[Supplied records — start]

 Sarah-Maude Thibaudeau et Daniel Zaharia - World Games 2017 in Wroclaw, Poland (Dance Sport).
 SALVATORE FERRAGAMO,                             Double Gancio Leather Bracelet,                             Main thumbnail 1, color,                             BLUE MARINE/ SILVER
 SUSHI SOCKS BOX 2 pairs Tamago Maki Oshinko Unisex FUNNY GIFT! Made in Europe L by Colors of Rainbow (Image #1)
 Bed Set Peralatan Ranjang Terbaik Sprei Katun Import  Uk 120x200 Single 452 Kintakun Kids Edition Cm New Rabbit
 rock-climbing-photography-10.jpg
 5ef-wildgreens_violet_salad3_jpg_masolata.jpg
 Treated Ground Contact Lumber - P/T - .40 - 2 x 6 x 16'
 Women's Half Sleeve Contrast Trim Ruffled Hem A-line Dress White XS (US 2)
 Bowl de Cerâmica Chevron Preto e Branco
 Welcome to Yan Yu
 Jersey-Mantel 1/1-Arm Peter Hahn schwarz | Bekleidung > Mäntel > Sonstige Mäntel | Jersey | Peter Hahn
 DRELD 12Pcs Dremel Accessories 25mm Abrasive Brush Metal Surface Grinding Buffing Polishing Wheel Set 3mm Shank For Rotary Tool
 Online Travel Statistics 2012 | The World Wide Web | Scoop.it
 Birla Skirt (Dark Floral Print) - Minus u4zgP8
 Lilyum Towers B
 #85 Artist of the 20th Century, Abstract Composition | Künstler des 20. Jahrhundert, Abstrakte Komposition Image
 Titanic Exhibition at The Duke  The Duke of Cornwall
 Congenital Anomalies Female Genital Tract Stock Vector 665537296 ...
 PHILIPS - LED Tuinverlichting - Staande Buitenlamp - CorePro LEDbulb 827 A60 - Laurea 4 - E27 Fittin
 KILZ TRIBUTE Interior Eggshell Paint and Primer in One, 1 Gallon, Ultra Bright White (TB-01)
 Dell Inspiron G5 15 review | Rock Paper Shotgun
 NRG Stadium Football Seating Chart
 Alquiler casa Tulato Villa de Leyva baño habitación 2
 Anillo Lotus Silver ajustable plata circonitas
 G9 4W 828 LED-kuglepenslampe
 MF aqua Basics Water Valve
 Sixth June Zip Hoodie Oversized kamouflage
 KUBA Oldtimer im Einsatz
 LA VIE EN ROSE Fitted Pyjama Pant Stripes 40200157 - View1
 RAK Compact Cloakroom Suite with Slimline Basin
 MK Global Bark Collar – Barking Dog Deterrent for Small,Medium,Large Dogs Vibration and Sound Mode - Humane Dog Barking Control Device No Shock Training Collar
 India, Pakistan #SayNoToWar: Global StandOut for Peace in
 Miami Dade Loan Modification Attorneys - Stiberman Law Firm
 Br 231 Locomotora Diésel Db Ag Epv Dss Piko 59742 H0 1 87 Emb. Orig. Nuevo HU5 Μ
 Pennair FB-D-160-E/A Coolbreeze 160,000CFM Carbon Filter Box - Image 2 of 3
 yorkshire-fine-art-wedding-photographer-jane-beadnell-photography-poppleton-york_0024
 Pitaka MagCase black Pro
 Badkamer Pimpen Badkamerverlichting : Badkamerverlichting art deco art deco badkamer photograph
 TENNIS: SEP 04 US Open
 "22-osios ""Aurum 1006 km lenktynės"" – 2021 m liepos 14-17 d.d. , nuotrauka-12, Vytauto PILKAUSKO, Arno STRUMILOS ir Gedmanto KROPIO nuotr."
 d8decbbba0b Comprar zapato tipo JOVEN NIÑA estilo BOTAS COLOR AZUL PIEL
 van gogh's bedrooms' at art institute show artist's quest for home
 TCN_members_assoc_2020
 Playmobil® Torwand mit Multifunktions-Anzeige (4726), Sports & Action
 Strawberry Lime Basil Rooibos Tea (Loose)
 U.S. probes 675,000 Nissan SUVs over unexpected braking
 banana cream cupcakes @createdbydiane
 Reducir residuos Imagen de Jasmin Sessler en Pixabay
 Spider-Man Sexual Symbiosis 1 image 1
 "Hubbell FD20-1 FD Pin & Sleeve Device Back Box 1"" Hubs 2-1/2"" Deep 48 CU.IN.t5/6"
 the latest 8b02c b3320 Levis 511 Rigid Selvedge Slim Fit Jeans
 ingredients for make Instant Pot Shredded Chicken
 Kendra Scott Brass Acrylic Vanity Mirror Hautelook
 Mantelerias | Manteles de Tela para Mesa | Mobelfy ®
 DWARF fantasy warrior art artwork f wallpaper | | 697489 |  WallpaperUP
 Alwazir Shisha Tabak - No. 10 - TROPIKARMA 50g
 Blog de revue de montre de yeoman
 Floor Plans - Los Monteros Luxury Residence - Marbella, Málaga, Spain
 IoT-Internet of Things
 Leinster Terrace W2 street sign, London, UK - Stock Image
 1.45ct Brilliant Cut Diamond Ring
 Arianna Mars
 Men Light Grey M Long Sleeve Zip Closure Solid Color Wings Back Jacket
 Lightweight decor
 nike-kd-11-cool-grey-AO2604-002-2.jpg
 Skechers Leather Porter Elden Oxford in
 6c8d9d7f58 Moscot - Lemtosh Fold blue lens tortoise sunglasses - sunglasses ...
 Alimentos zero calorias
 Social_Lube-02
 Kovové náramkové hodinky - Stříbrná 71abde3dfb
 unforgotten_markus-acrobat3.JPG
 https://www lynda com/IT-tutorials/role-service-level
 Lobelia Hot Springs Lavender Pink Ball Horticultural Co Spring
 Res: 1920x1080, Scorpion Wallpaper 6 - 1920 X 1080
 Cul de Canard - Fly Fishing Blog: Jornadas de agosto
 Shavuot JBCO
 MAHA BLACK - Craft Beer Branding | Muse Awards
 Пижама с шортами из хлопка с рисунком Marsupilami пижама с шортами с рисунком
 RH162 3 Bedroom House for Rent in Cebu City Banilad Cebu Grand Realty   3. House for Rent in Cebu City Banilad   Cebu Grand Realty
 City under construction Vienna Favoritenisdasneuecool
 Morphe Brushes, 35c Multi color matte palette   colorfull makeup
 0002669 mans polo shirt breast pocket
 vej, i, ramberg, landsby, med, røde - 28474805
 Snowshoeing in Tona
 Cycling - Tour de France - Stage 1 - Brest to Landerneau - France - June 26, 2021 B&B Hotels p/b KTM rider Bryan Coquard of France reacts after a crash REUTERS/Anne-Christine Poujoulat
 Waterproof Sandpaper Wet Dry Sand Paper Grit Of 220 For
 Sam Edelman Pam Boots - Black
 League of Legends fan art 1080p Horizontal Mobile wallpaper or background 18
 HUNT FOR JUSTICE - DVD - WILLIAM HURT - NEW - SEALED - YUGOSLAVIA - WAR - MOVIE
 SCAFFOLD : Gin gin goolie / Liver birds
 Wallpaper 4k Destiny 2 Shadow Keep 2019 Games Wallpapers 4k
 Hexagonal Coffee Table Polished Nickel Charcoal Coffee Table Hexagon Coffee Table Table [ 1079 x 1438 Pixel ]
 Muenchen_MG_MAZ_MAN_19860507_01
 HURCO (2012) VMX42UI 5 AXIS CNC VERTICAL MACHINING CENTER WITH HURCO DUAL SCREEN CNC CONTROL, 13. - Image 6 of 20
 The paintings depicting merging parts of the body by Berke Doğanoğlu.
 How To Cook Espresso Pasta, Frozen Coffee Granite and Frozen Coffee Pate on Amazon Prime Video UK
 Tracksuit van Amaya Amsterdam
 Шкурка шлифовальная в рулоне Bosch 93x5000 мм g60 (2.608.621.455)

[Supplied records — finish]

- [Your assignment] Starting at the line above that holds "Treated Ground Contact" and ending at the line that holds "van gogh's bedrooms'", transcribe each line exactly and include no other lines.

- [Reply]
 Treated Ground Contact Lumber - P/T - .40 - 2 x 6 x 16'
 Women's Half Sleeve Contrast Trim Ruffled Hem A-line Dress White XS (US 2)
 Bowl de Cerâmica Chevron Preto e Branco
 Welcome to Yan Yu
 Jersey-Mantel 1/1-Arm Peter Hahn schwarz | Bekleidung > Mäntel > Sonstige Mäntel | Jersey | Peter Hahn
 DRELD 12Pcs Dremel Accessories 25mm Abrasive Brush Metal Surface Grinding Buffing Polishing Wheel Set 3mm Shank For Rotary Tool
 Online Travel Statistics 2012 | The World Wide Web | Scoop.it
 Birla Skirt (Dark Floral Print) - Minus u4zgP8
 Lilyum Towers B
 #85 Artist of the 20th Century, Abstract Composition | Künstler des 20. Jahrhundert, Abstrakte Komposition Image
 Titanic Exhibition at The Duke  The Duke of Cornwall
 Congenital Anomalies Female Genital Tract Stock Vector 665537296 ...
 PHILIPS - LED Tuinverlichting - Staande Buitenlamp - CorePro LEDbulb 827 A60 - Laurea 4 - E27 Fittin
 KILZ TRIBUTE Interior Eggshell Paint and Primer in One, 1 Gallon, Ultra Bright White (TB-01)
 Dell Inspiron G5 15 review | Rock Paper Shotgun
 NRG Stadium Football Seating Chart
 Alquiler casa Tulato Villa de Leyva baño habitación 2
 Anillo Lotus Silver ajustable plata circonitas
 G9 4W 828 LED-kuglepenslampe
 MF aqua Basics Water Valve
 Sixth June Zip Hoodie Oversized kamouflage
 KUBA Oldtimer im Einsatz
 LA VIE EN ROSE Fitted Pyjama Pant Stripes 40200157 - View1
 RAK Compact Cloakroom Suite with Slimline Basin
 MK Global Bark Collar – Barking Dog Deterrent for Small,Medium,Large Dogs Vibration and Sound Mode - Humane Dog Barking Control Device No Shock Training Collar
 India, Pakistan #SayNoToWar: Global StandOut for Peace in
 Miami Dade Loan Modification Attorneys - Stiberman Law Firm
 Br 231 Locomotora Diésel Db Ag Epv Dss Piko 59742 H0 1 87 Emb. Orig. Nuevo HU5 Μ
 Pennair FB-D-160-E/A Coolbreeze 160,000CFM Carbon Filter Box - Image 2 of 3
 yorkshire-fine-art-wedding-photographer-jane-beadnell-photography-poppleton-york_0024
 Pitaka MagCase black Pro
 Badkamer Pimpen Badkamerverlichting : Badkamerverlichting art deco art deco badkamer photograph
 TENNIS: SEP 04 US Open
 "22-osios ""Aurum 1006 km lenktynės"" – 2021 m liepos 14-17 d.d. , nuotrauka-12, Vytauto PILKAUSKO, Arno STRUMILOS ir Gedmanto KROPIO nuotr."
 d8decbbba0b Comprar zapato tipo JOVEN NIÑA estilo BOTAS COLOR AZUL PIEL
 van gogh's bedrooms' at art institute show artist's quest for home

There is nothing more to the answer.